Criticism
Although technology in the classroom does have many benefits, there are clear drawbacks as well. Limited access to sufficient quantities of a technology, lack of training, the extra time required for the implementations of technology, and the apprehension associated with assessing the effectiveness of technology in the classroom are just a few of the reasons that technology is often not used extensively in the classroom. To understand educational technology one must also understand theories in human behavior as behavior is affected by technology. Media Psychology is the study of media, technology and how and why individuals, groups and societies behave the way they do. The first Ph.D program with a concentration in media psychology was started in 2002 at Fielding Graduate University by Bernard Luskin.

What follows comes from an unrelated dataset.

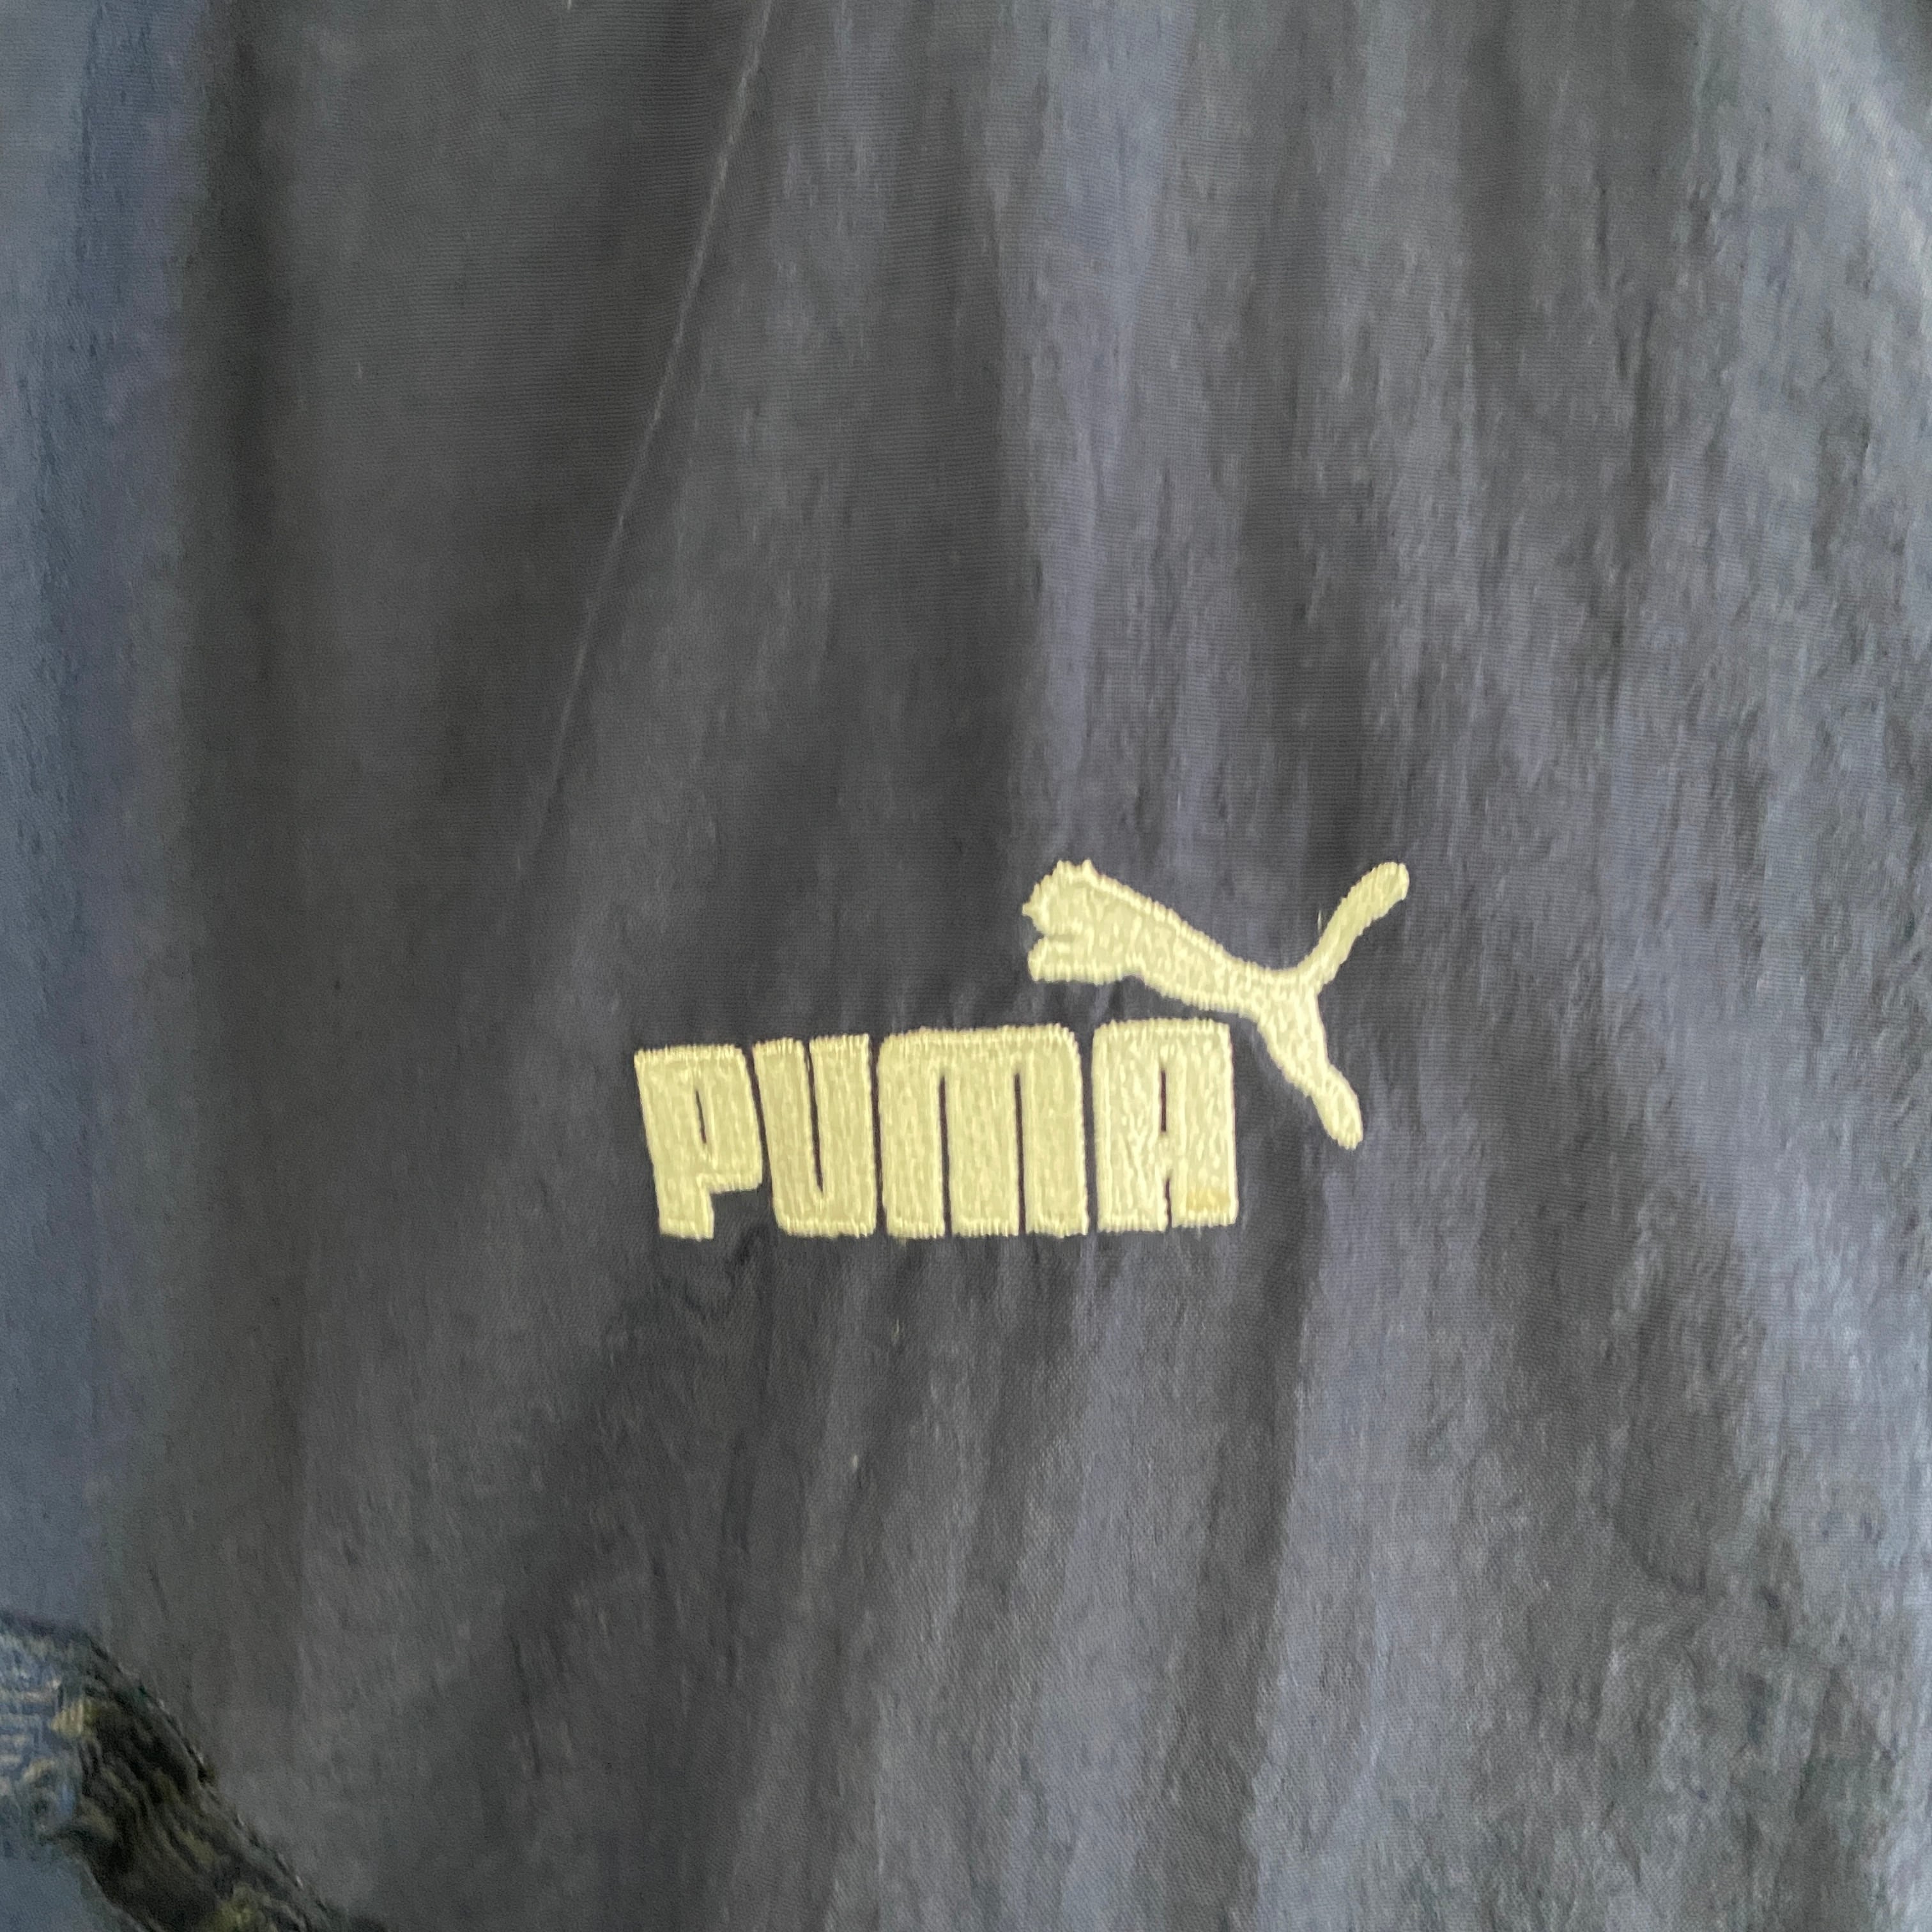 30 美品 PUMA サイドライン ビッグサイズ 刺繍ロゴ プーマ ジャケット

The Media Psychology division of APA, division 46 has a focus on media psychology. Media and the family is another emerging area affected by rapidly changing educational technology.
Read more about this topic: Educational Technology
Famous quotes containing the word criticism:
“I am opposed to writing about the private lives of living authors and psychoanalyzing them while they are alive. Criticism is getting all mixed up with a combination of the Junior F.B.I.- men, discards from Freud and Jung and a sort of Columnist peep- hole and missing laundry list school.... Every young English professor sees gold in them dirty sheets now. Imagine what they can do with the soiled sheets of four legal beds by the same writer and you can see why their tongues are slavering.”
—Ernest Hemingway (18991961)
“Like speaks to like only; labor to labor, philosophy to philosophy, criticism to criticism, poetry to poetry. Literature speaks how much still to the past, how little to the future, how much to the East, how little to the West.”
—Henry David Thoreau (18171862)
“To be just, that is to say, to justify its existence, criticism should be partial, passionate and political, that is to say, written from an exclusive point of view, but a point of view that opens up the widest horizons.”